0
votes

I have written one piece of OpenCL kernel program to apply low pass filter to an image. The kernel:

__kernel void applyLowPassFilter(__global int *image, __global int *rst,
                                 __local int *localMem) {
  int nCols = get_global_size(0); // width of image
  int nRows = get_global_size(1); // height of image

  int xg = get_global_id(0); // x index of global buffer
  int yg = get_global_id(1); // y index od global buffer

  int xl = get_local_id(0); // x index of local buffer

  localMem[xl] = image[yg * nCols + xg];
  barrier(CLK_LOCAL_MEM_FENCE);
  if (yg != 0) {
    rst[yg * nCols + xg] = (localMem[xl] + image[(yg - 1) * nCols + xg]) / 2;
  }
}

In the kernel code, I would like to access the local memory of each workgroup and compute the value. So I set the global item size to W*H (W: width of the image, H: height of the image) and local item size to W*1, I'm expecting the group size to be W and the number of group size to be H here. Host code:

    size_t globalItemSize[2];
    size_t localItemSize[2];
    globalItemSize[0] = W;
    globalItemSize[1] = H;
    localItemSize[0] = W;
    localItemSize[1] = 1;
    // Set cl kernel arguments.
    ret = clSetKernelArg(clKernel, 0, sizeof(cl_mem), (void *)&imageObj);
    ret = clSetKernelArg(clKernel, 1, sizeof(cl_mem), (void *)&rstObj);
    ret = clSetKernelArg(clKernel, 2, sizeof(int) * localItemSize[0], NULL); // local mem

However, the code doesn't work and keeps giving me a result image of zeros. After experiment I found that it works by only using global memory and not accessing local memory. Did I do anything wrong with the code accessing local memory?

1
Are you actually checking any of the return values (error codes) of your calls? Are you sure there is enough local memory available? Are you sure your work group size is possible on the device you are using? It sounds like your kernel is probably not running at all because something is set up badly, and the returned error code(s) should tell you what the problem is. - pmdj
@pmdj I figured out the problem by tracing the error codes of each step, thanks. - wangx1ng

1 Answers

0
votes

I figured it out by monitoring the OpenCL return error codes. Firstly I got -48 CL_INVALID_KERNEL error code after clSetKernelArg calls. It's very suspicious that something is wrong with my kernel. Then I dropped the third parameter which I passed to kernel for local memory accessing and used the __local statement in the kernel code instead. At this point, I got -51 CL_INVALID_ARG_SIZE error code which reminded me of checking the local work item number limitation of my hardware using the clinfo command. Realized the limitation of local item size, I changed the localItemSize in dimension 0 from W to W/3. Then it worked.

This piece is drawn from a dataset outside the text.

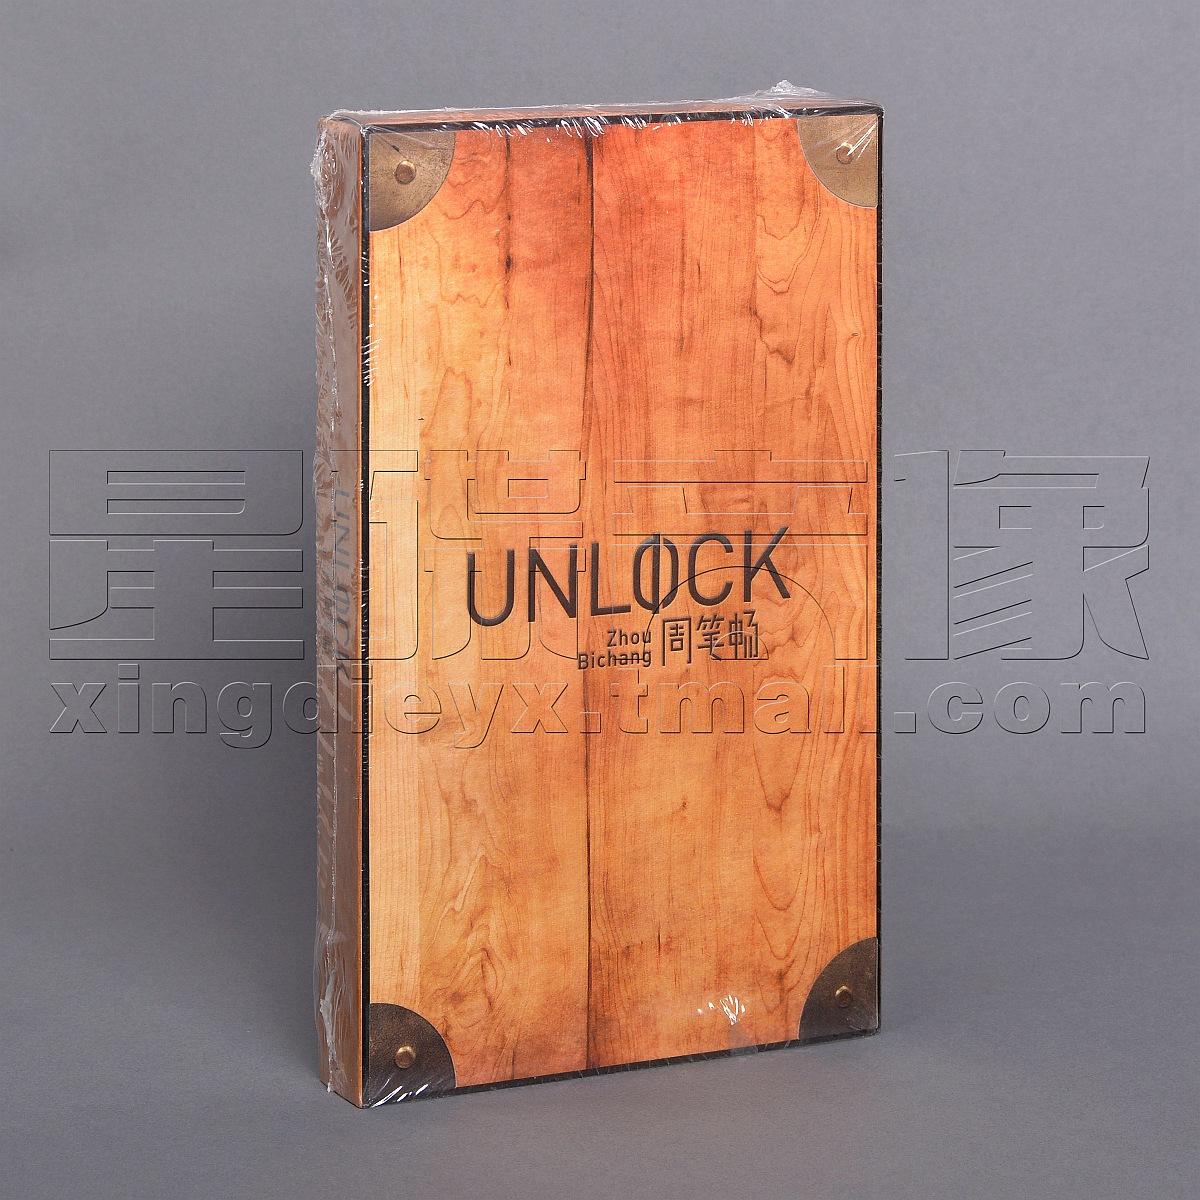 【正版】周笔畅:卸 庆功版 专辑唱片 UNLOCK CD+DVD+海报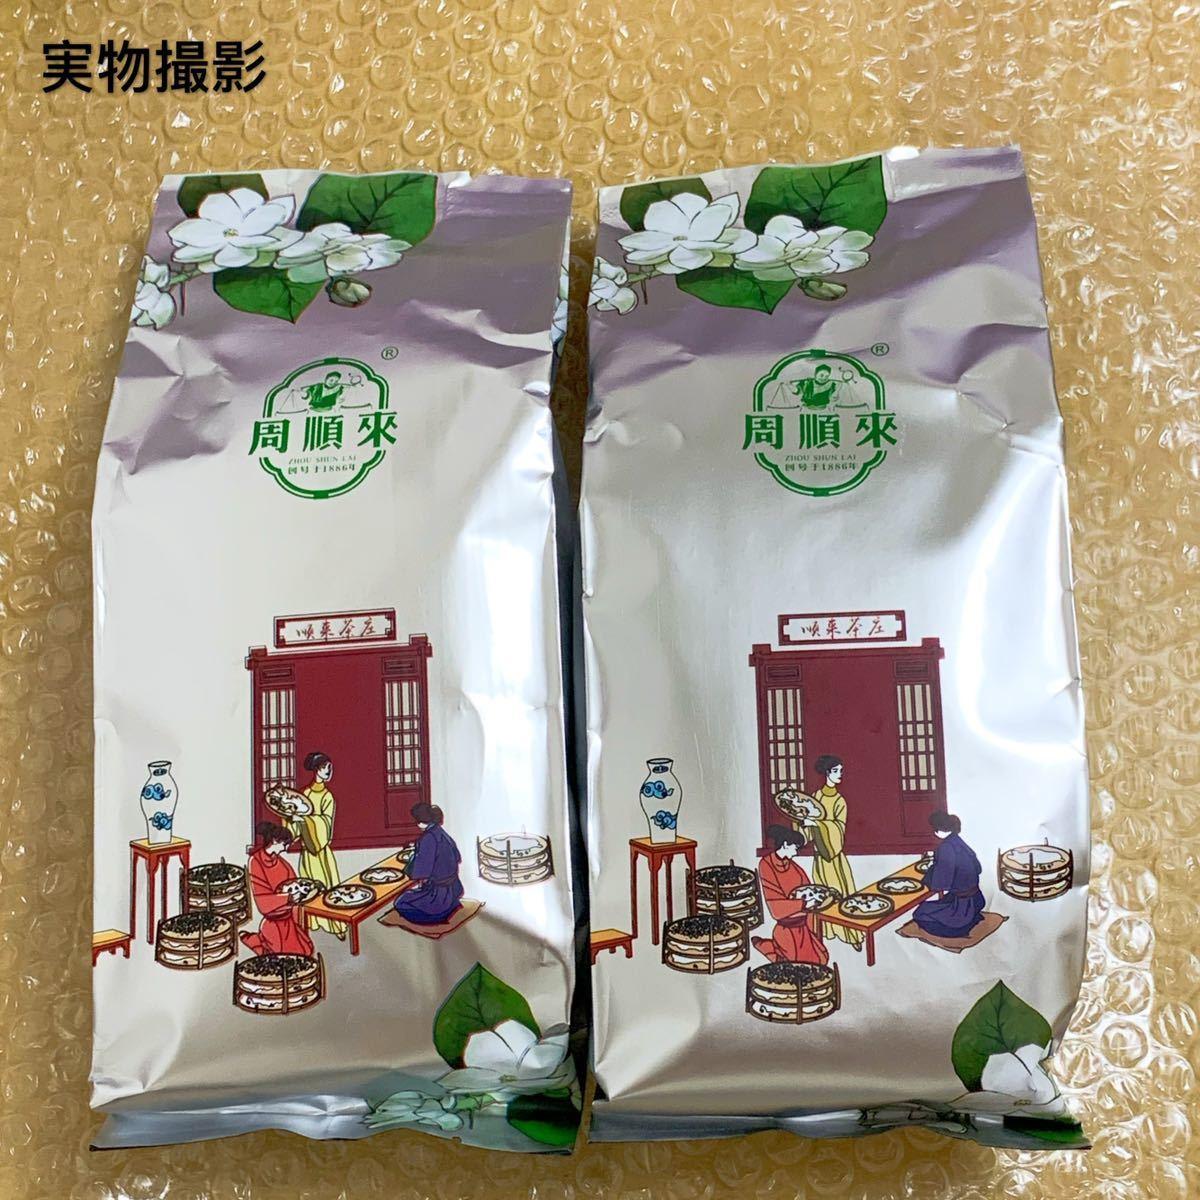 ジャスミン茶 茉莉花茶 ジャスミンティー 新茶 500g袋入り 新品

Kernel code after modification:

__kernel void applyLowPassFilter(__global int *image, __global int *rst) {
  int nCols = get_global_size(0); // width of image
  int nRows = get_global_size(1); // height of image

  int xg = get_global_id(0); // x index of global buffer
  int yg = get_global_id(1); // y index od global buffer

  int xl = get_local_id(0); // x index of local buffer

  __local int localMem[212]; // 1/3 of image width
  localMem[xl] = image[yg * nCols + xg];
  barrier(CLK_LOCAL_MEM_FENCE);
  if (yg != 0) {
    rst[yg * nCols + xg] = (localMem[xl] + image[(yg - 1) * nCols + xg]) / 2;
  }
}

Parameters config in the host code:

    size_t globalItemSize[2];
    size_t localItemSize[2];
    globalItemSize[0] = W;
    globalItemSize[1] = H;
    localItemSize[0] = W / 3;
    localItemSize[1] = 1;
    // Set cl kernel arguments.
    ret = clSetKernelArg(clKernel, 0, sizeof(cl_mem), (void *)&imageObj);
    ret = clSetKernelArg(clKernel, 1, sizeof(cl_mem), (void *)&rstObj);